Transcribe the listing below word for word but skip its images.

INFORMATION SUPPLIED
=== Section Start ===
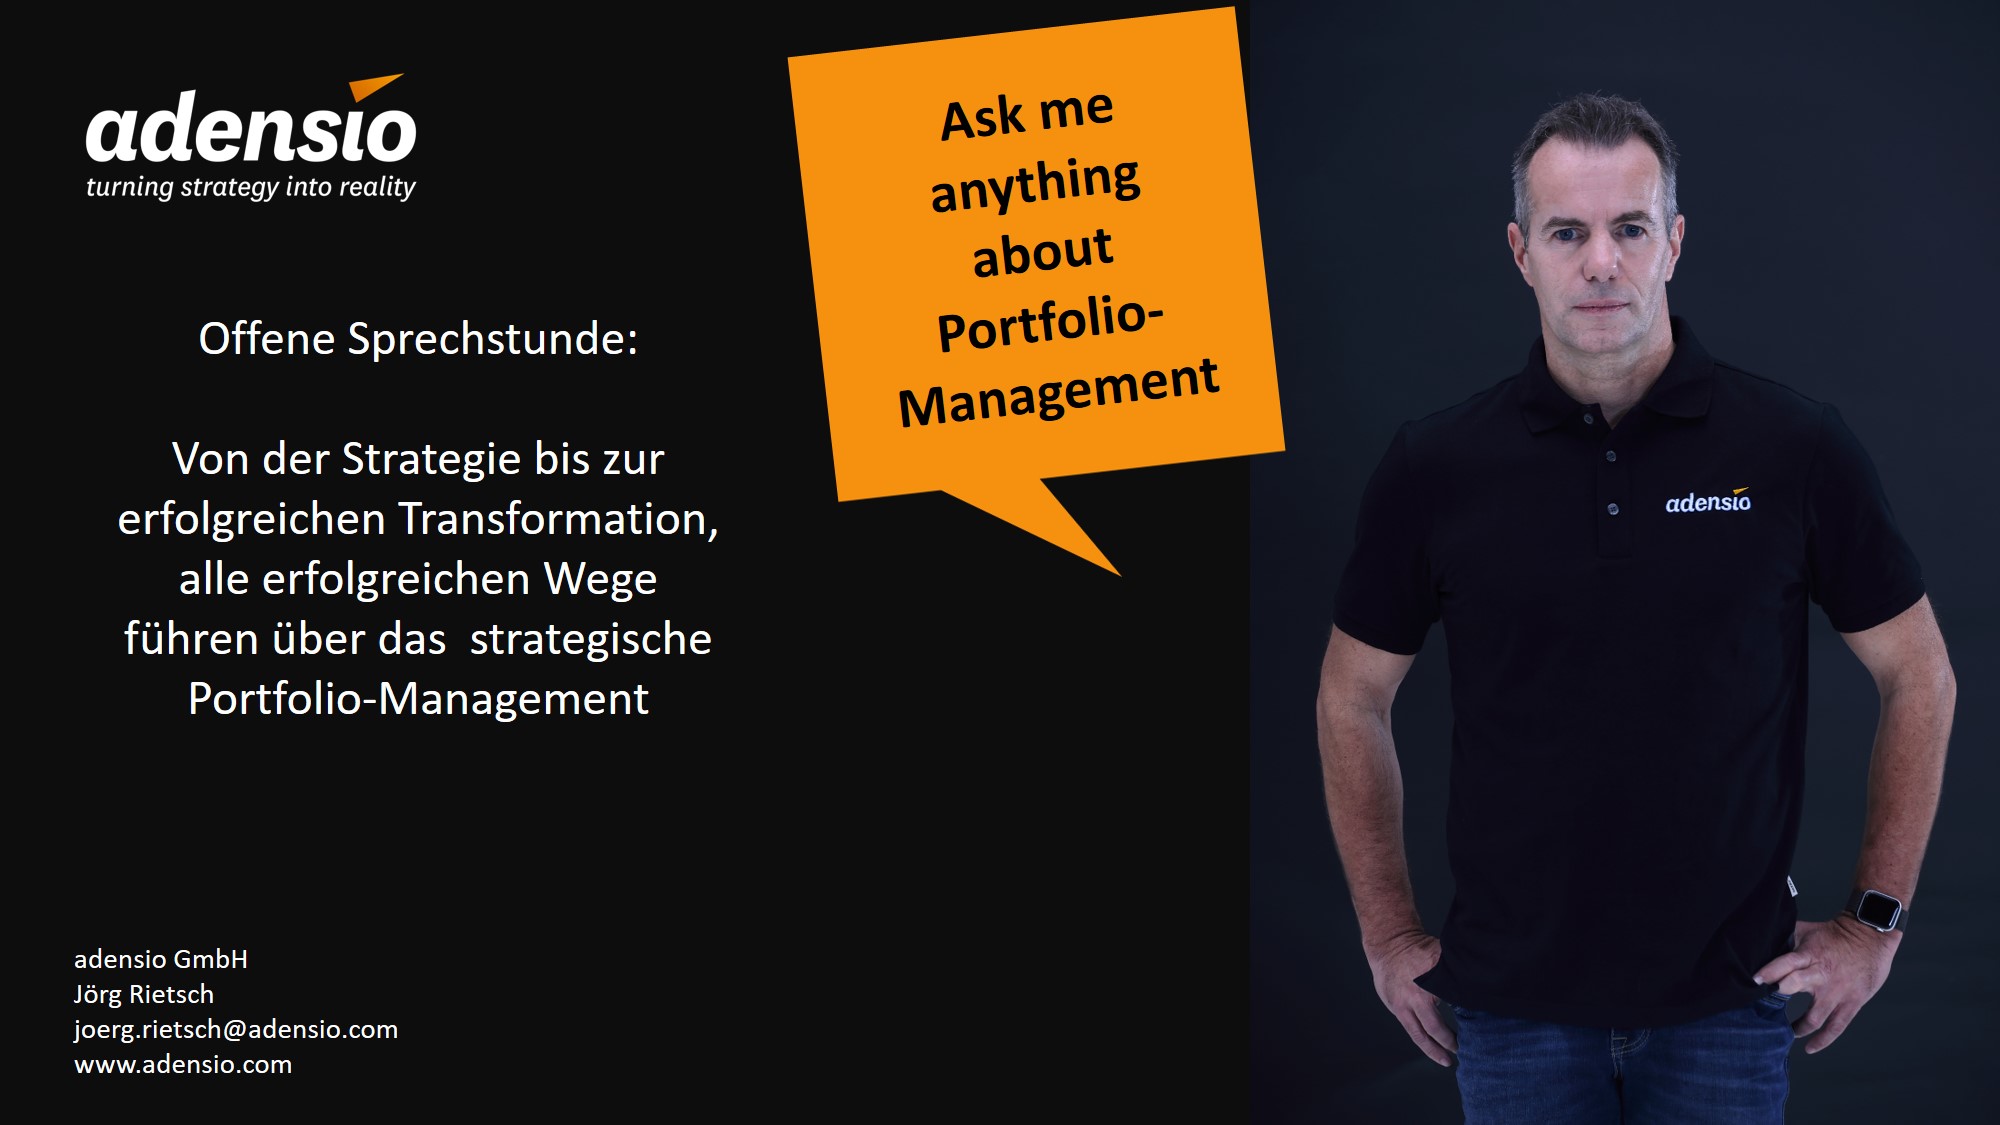 Ask me anything about Portfolio-Management!
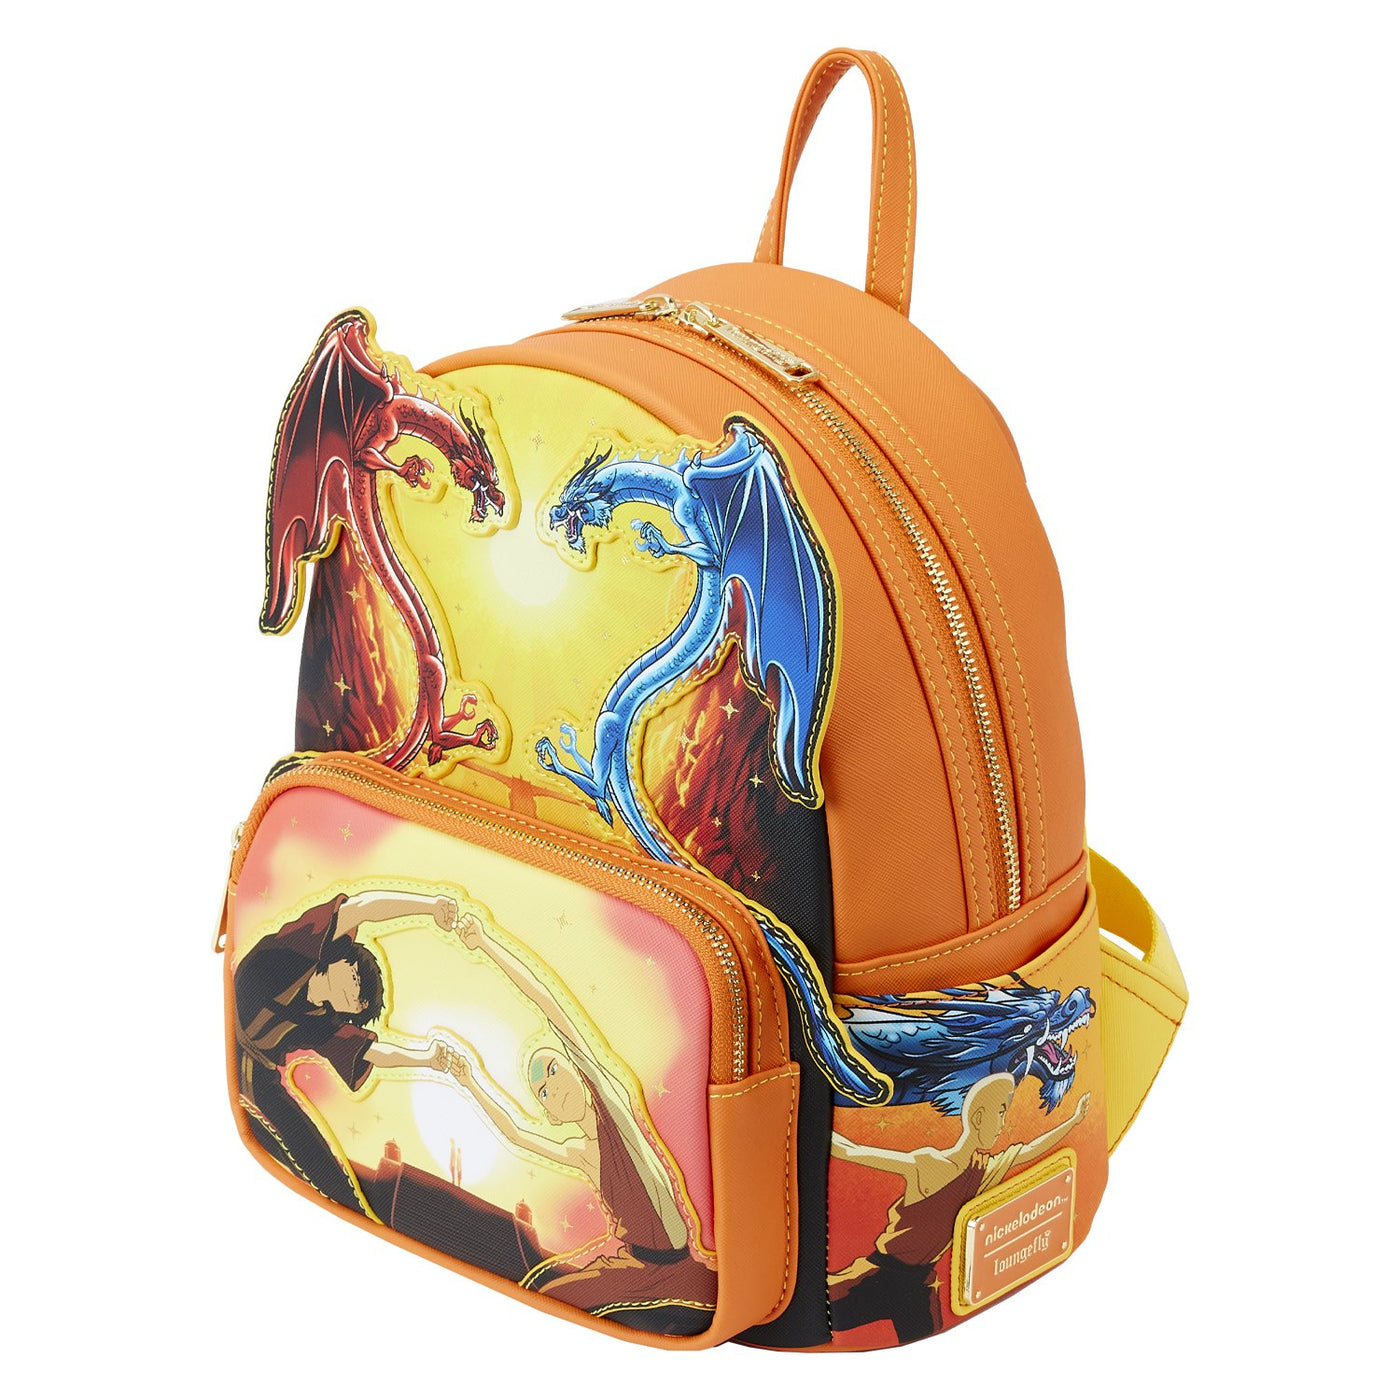 671803395190 - Loungefly Nickelodeon Avatar The Last Airbender The Fire Dance Mini Backpack - Top View
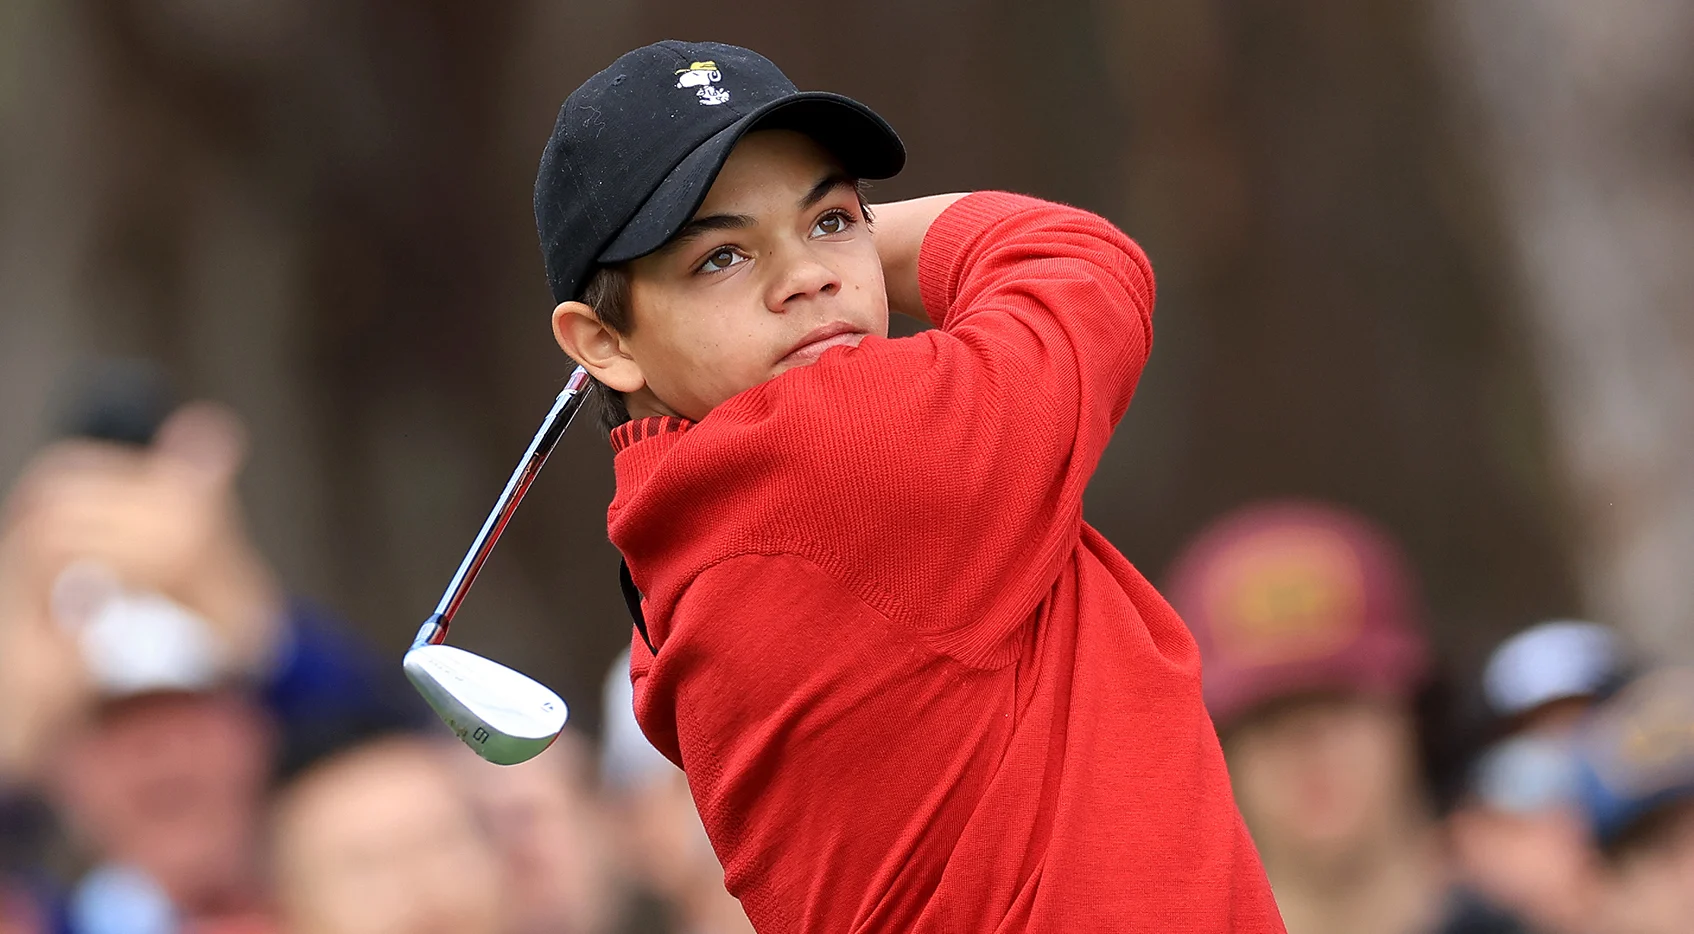 Tiger Woods’ Son, Charlie, Secures Victory In High School Golf Championship
=== Section End ===
WRITTEN ANSWER
 Ask me anything about Portfolio-Management!
 671803395190 - Loungefly Nickelodeon Avatar The Last Airbender The Fire Dance Mini Backpack - Top View
 Tiger Woods’ Son, Charlie, Secures Victory In High School Golf Championship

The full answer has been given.